++++ Given data ++++

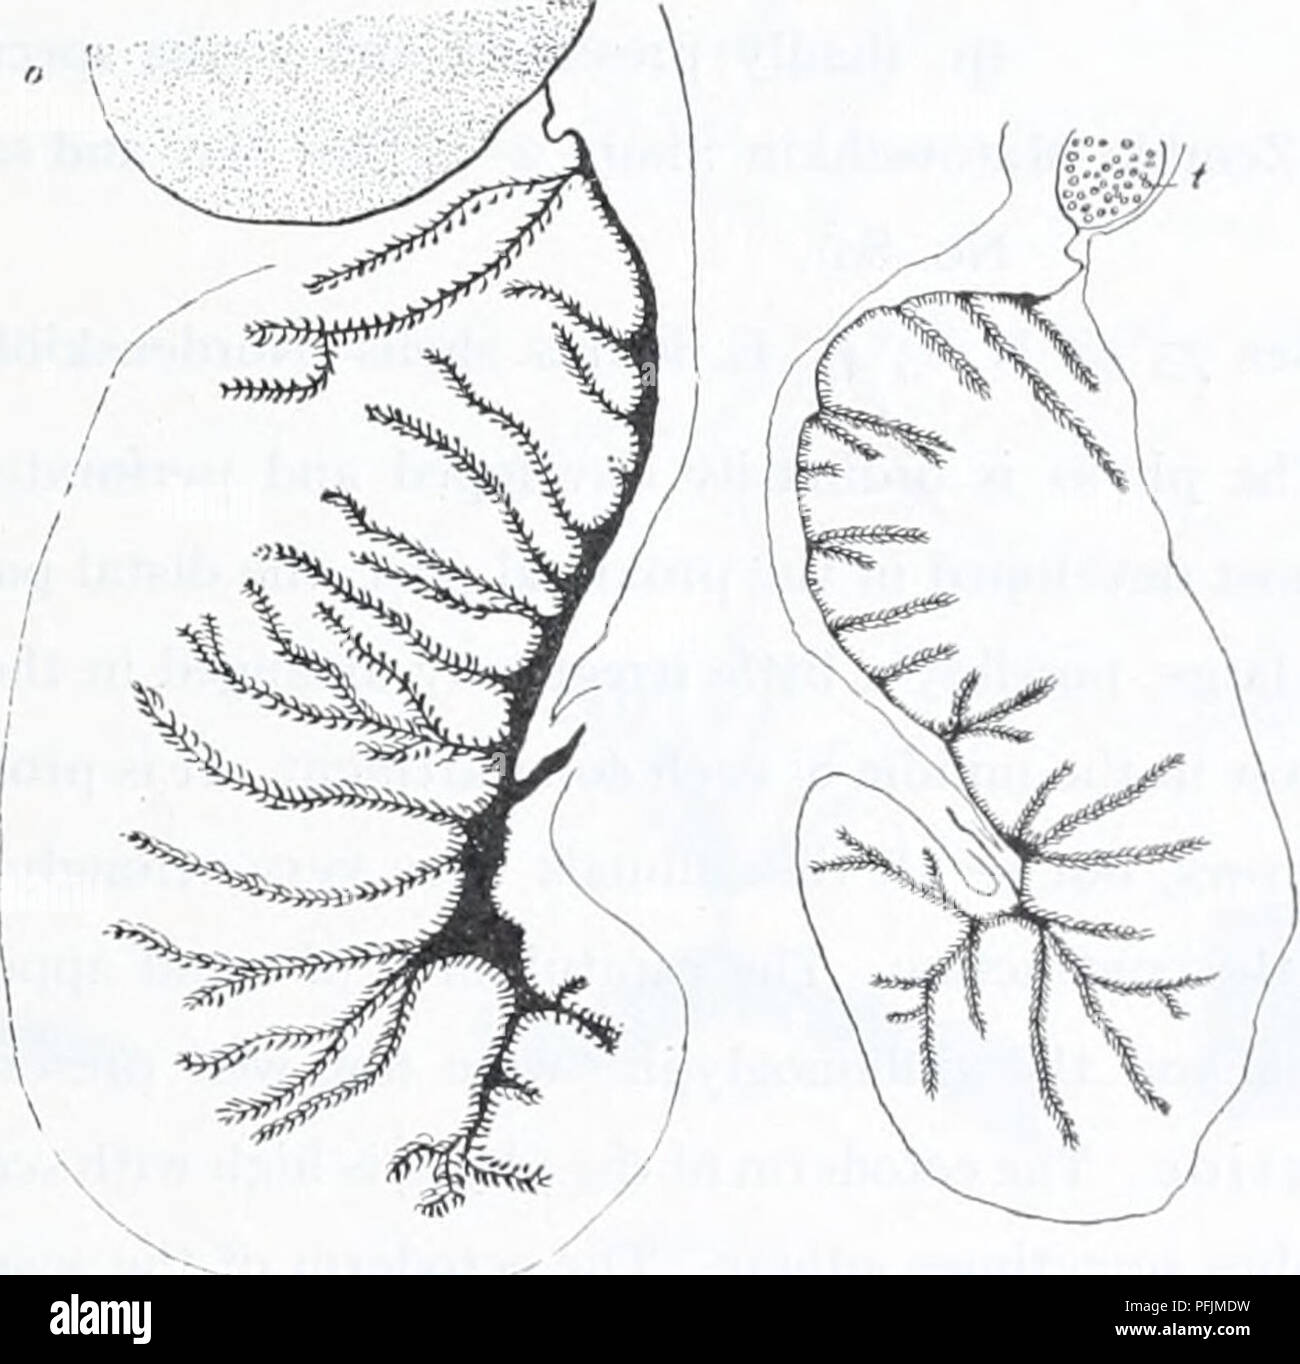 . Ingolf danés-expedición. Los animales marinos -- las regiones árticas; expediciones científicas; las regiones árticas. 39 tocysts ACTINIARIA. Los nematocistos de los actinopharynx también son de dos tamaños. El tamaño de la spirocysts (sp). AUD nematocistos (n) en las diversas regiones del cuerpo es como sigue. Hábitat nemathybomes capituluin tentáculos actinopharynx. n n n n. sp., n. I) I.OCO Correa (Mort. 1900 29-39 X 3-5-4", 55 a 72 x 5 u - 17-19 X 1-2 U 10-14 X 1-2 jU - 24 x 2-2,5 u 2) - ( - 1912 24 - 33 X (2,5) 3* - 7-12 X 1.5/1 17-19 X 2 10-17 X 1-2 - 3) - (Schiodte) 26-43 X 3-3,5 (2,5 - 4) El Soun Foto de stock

++++
++++ Given data ++++

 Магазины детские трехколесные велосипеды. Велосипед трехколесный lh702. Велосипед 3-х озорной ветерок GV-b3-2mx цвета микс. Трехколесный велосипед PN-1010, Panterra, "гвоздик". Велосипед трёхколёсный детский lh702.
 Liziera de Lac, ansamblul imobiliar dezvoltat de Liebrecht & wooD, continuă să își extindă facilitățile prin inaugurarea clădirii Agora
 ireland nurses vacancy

++++

Copy the stretch of the records above that runs from the line with "Liziera de Lac, ansamblul" through the line with "ireland nurses vacancy". Both end lines belong in the copy, and nothing else does.

 Liziera de Lac, ansamblul imobiliar dezvoltat de Liebrecht & wooD, continuă să își extindă facilitățile prin inaugurarea clădirii Agora
 ireland nurses vacancy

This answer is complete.